Future plans, research progress, limitations, and theoretical analysis

The findings of this work lay a foundation for additional breakthroughs in AI-based medical diagnosis. Future work includes extending the current binary classifier model to multi-class classification of different tumor types, e.g., glioma, meningioma, and pituitary tumors. Another key goal is the integration of three-dimensional (3D) MRI information, which would allow for more spatially rich context for tumor site and improve predictive accuracy. Ensemble methods and the use of transformer architectures will also be explored to both enhance performance as well as interpretability.

The present study represents a significant leap forward in the integration of deep learning and traditional supervised learning methods. Compared to traditional end-to-end neural networks, the hybrid DenseNet201-SVM model leverages the dense connectivity of DenseNet for effective spatial feature extraction and the robust decision boundary properties of SVM for classification. The technique has been found to perform better both in terms of classification accuracy and interpretability. The use of multiple explainability methods further augments transparency of the model and supports clinical trust.

There are, however, certain limitations that cannot be overlooked. First, the patient metadata such as age, sex, or tumor type are not given in the data, which would be crucial in providing context to prediction. The model is even trained on 2D MRI slices instead of volumetric features of the tumor, which limits its spatial understanding. Second, while the model is interpretable, it still is computationally intensive, which would render it difficult to deploy on platforms that are resource-constrained. Finally, real-world evaluation and clinician-in-the-loop evaluation remain to be done, and these are important steps toward clinical readiness.

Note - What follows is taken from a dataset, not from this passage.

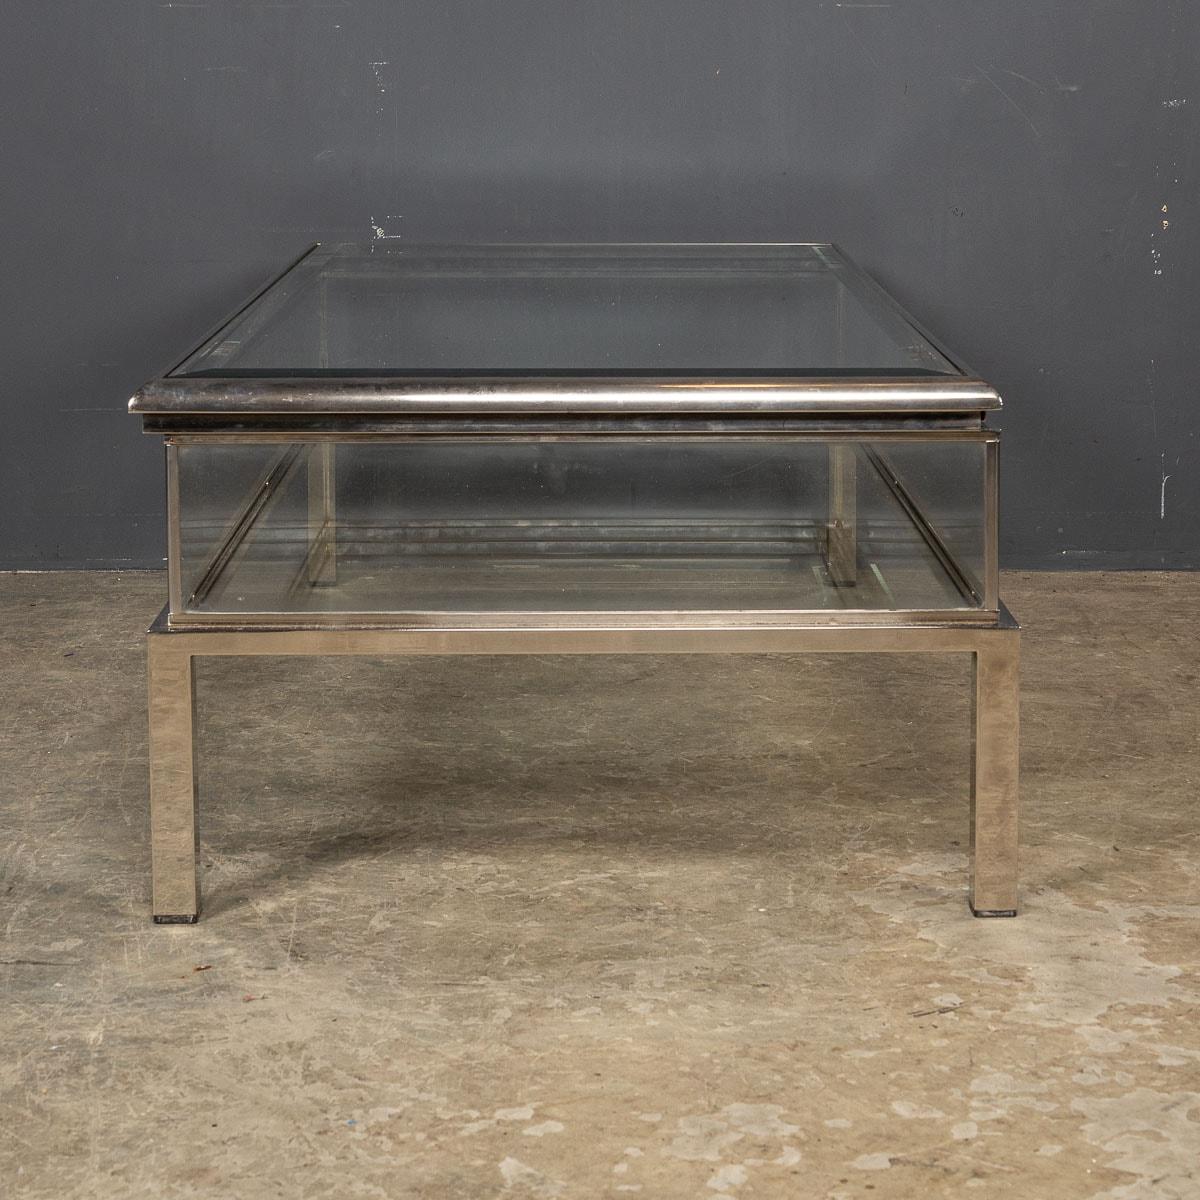 20th Century White Metal & Glass Vitrine Coffee Table, c.1970 For Sale 3

Theoretically, the model leverages DenseNet’s feature reuse and gradient flow advantages that mitigate vanishing gradient problems and promote deeper learning. The use of an SVM classifier provides a clearly defined decision boundary that boosts interpretability beyond softmax-based classification. After the explainability is further enhanced based on LRP, IG, and Grad-CAM, the system delivers an interpretable and complete AI pipeline. Such architectural robustness and interpretability make the framework a potential model for implementing in real-world clinical applications to aid experts in diagnosing brain tumor.

Conclusion

This paper presents a robust, interpretable brain tumor diagnosis model based on DenseNet201 with an SVM classifier and explainable AI techniques. The model utilizes a region-adaptive preprocessing pipeline and deep features to derive high classification accuracy. Among the methods evaluated for explainability, Layer-wise Relevance Propagation (LRP) outperformed Grad-CAM and Integrated Gradients (IG) with the highest interpretability and localization scores. These findings validate the model’s value as a reliable clinical decision support tool with excellent performance and visual transparency to facilitate expert analysis and confidence. In subsequent studies, the model can be extended to conduct multi-class classification for distinguishing different types of brain tumors. Additionally, integrating multi-modal imaging data (e.g., PET or CT) and patient metadata can enhance diagnostic accuracy and individualization. The incorporation of transformer-based models or ensemble learning methods might also improve performance. Finally, real-time implementation and future clinical testing are significant steps toward integrating this system into routine healthcare practice.